Chile: new regulation underway
Chile has been making a big push to regulate the fintech sector. In February 2021, the so-called Fintech Law was published by the Financial Market Commission (CMF), setting out a legal framework for companies engaged in crowdfunding, alternative transaction systems, financial instrument intermediation, credit advisory, and custodial services, among others.
The bill also includes guidelines for the creation of an open banking framework. One particularity of the proposal is that, although it establishes certain prerequisites for startups, it also provides the CMF with some flexibility in treating these companies, allowing it, for example, to differentiate these companies based on their transaction volumes.
The proposal was sent to Congress on September 3, 2021. It could take it at least another year to draw up secondary regulation that will effectively lay out the clauses for the sector to follow, global law firm Dentons told Iupana.
Argentina: focus on digital payments
Currently, Argentina does not have an umbrella legislation for the fintech sector but has nevertheless experienced with more specific regulations relating to, for example, so-called non-financial credit providers.
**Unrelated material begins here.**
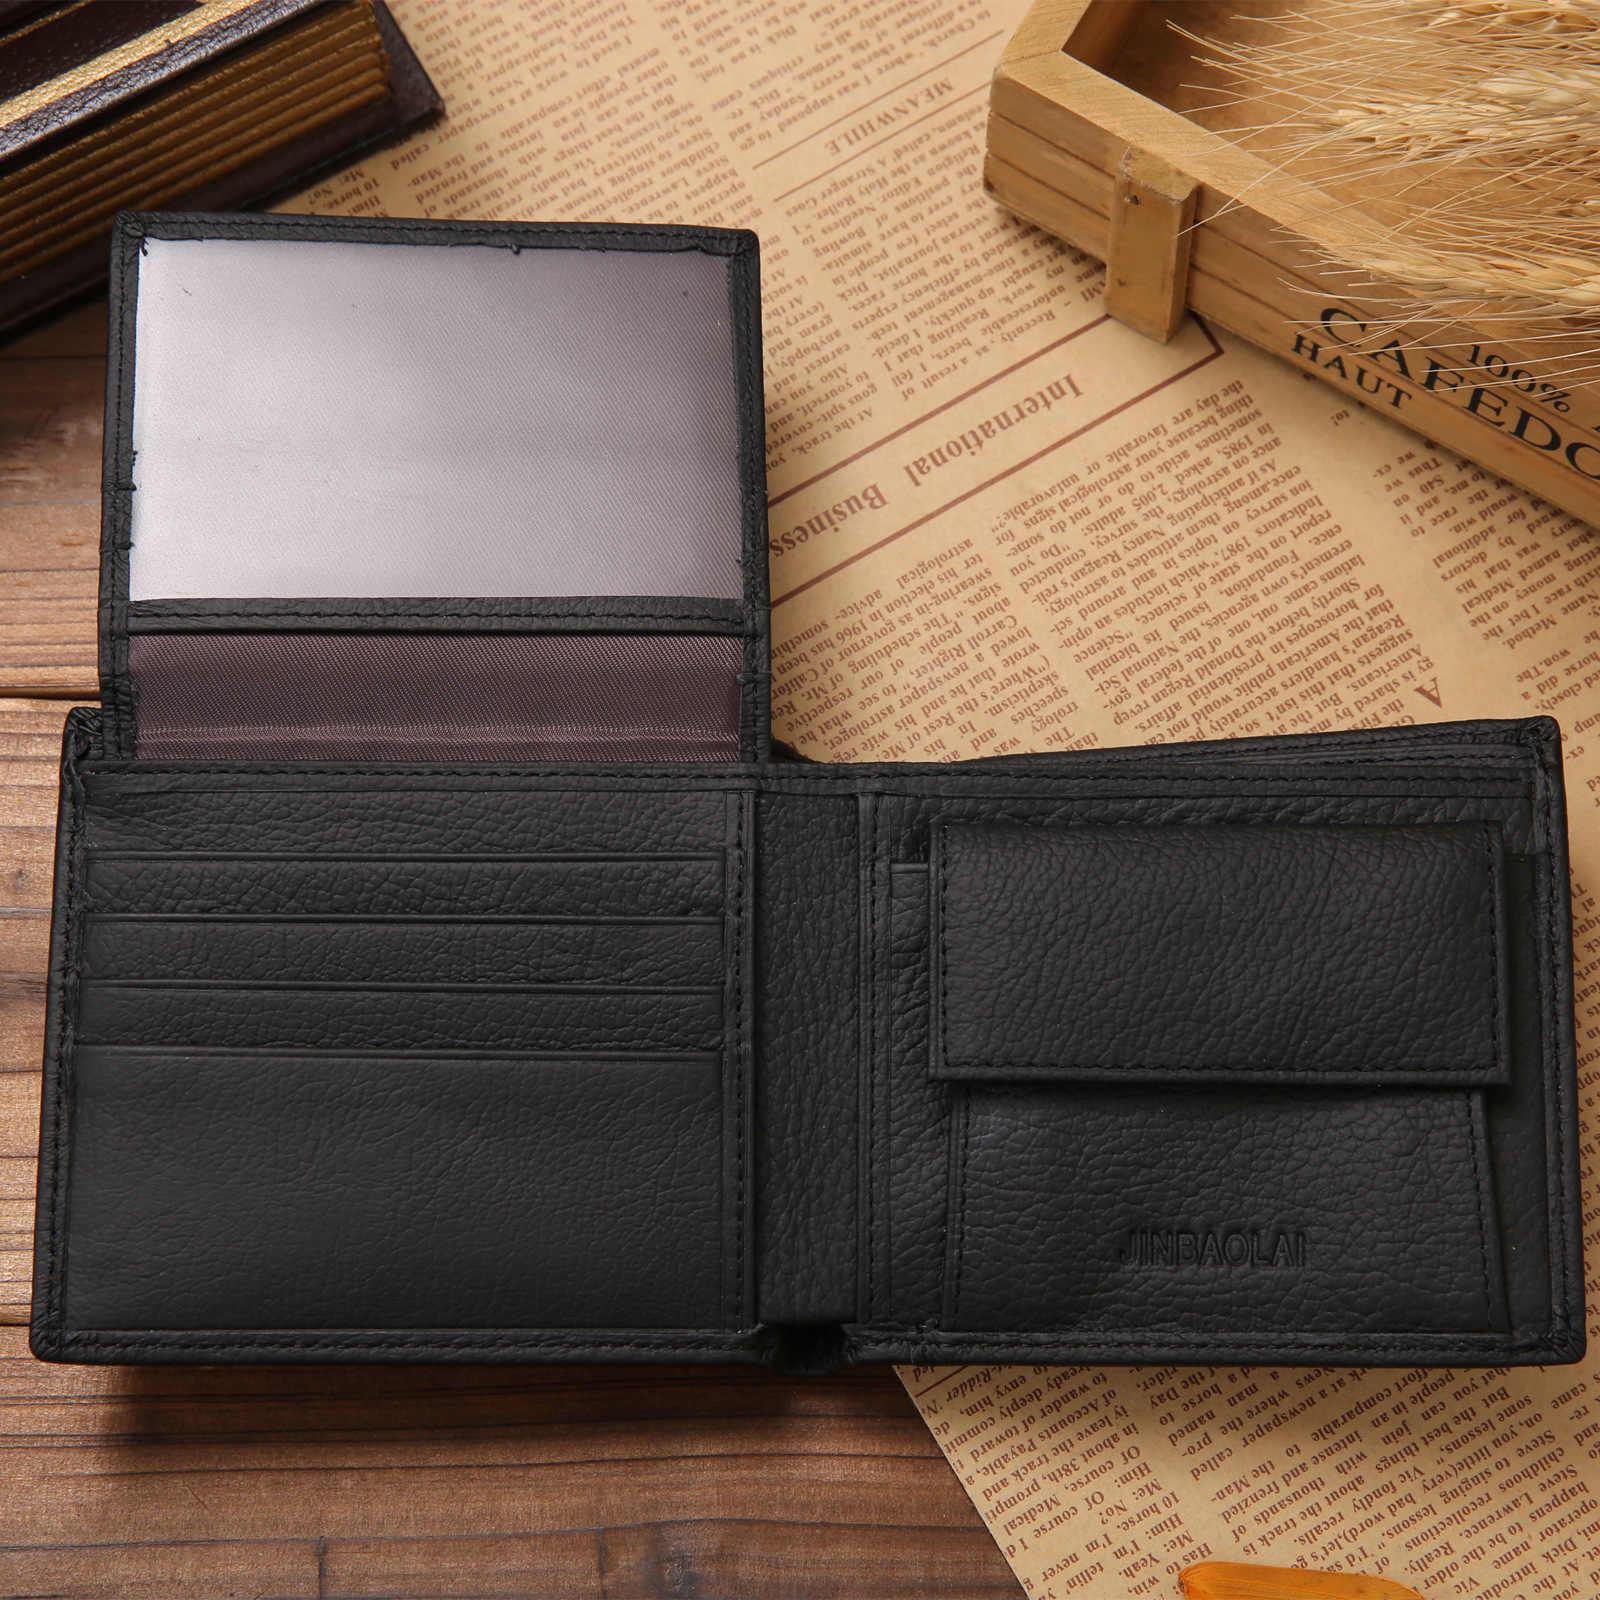 100% de cuero genuino para hombre billeteras de piel de vaca Real de producto Premium para hombre corto negro Walet portefeulle Homme monederos cortos

These companies provide credit products but do not take in any customer deposits.
Other new rules that have been introduced that are somewhat related to fintech include a framework that facilitates entrepreneurship and business creation, crowdfunding regulation, as well as tax benefits for technology companies.
In November, the Argentinian central bank will be launching Transferencia 3.0 plan, a plan that seeks to boost digital payments and promote interoperability of the different digital wallets available in the country.
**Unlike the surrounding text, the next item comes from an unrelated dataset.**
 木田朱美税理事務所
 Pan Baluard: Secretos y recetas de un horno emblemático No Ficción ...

Argentina is one of the biggest digital wallet ecosystems in Latam with some 30 solutions. Market leader Mercado Libre reported US$17.5 billion in payment volumes in Q2 2021, up 53% year-over-year, according to Iupana. In response, the banking sector came together to launch Modo, a digital banking and payment solution, backed by 30 firms.
Ecuador: taking the first steps
Ecuador is taking the first steps towards regulating its fintech sector. On August 18, legislator Nathalie Viteri presented a bill to the National Assembly to amend several laws for the development, regulation and control of fintech services.
The so-called Fintech Law aims to create a legal framework for fintech companies, setting out various requirements for those engaged in business-to-business (B2B) financial services, personal finance and advice, crowdfunding, blockchain and digital assets, paytech, and banking infrastructures, among others.
The bill also incorporates the possibility of establishing a regulatory sandbox.
Before this development, Ecuador had introduced reforms to cater to new market entrants and business models such as rules to facilitate business creation and innovation.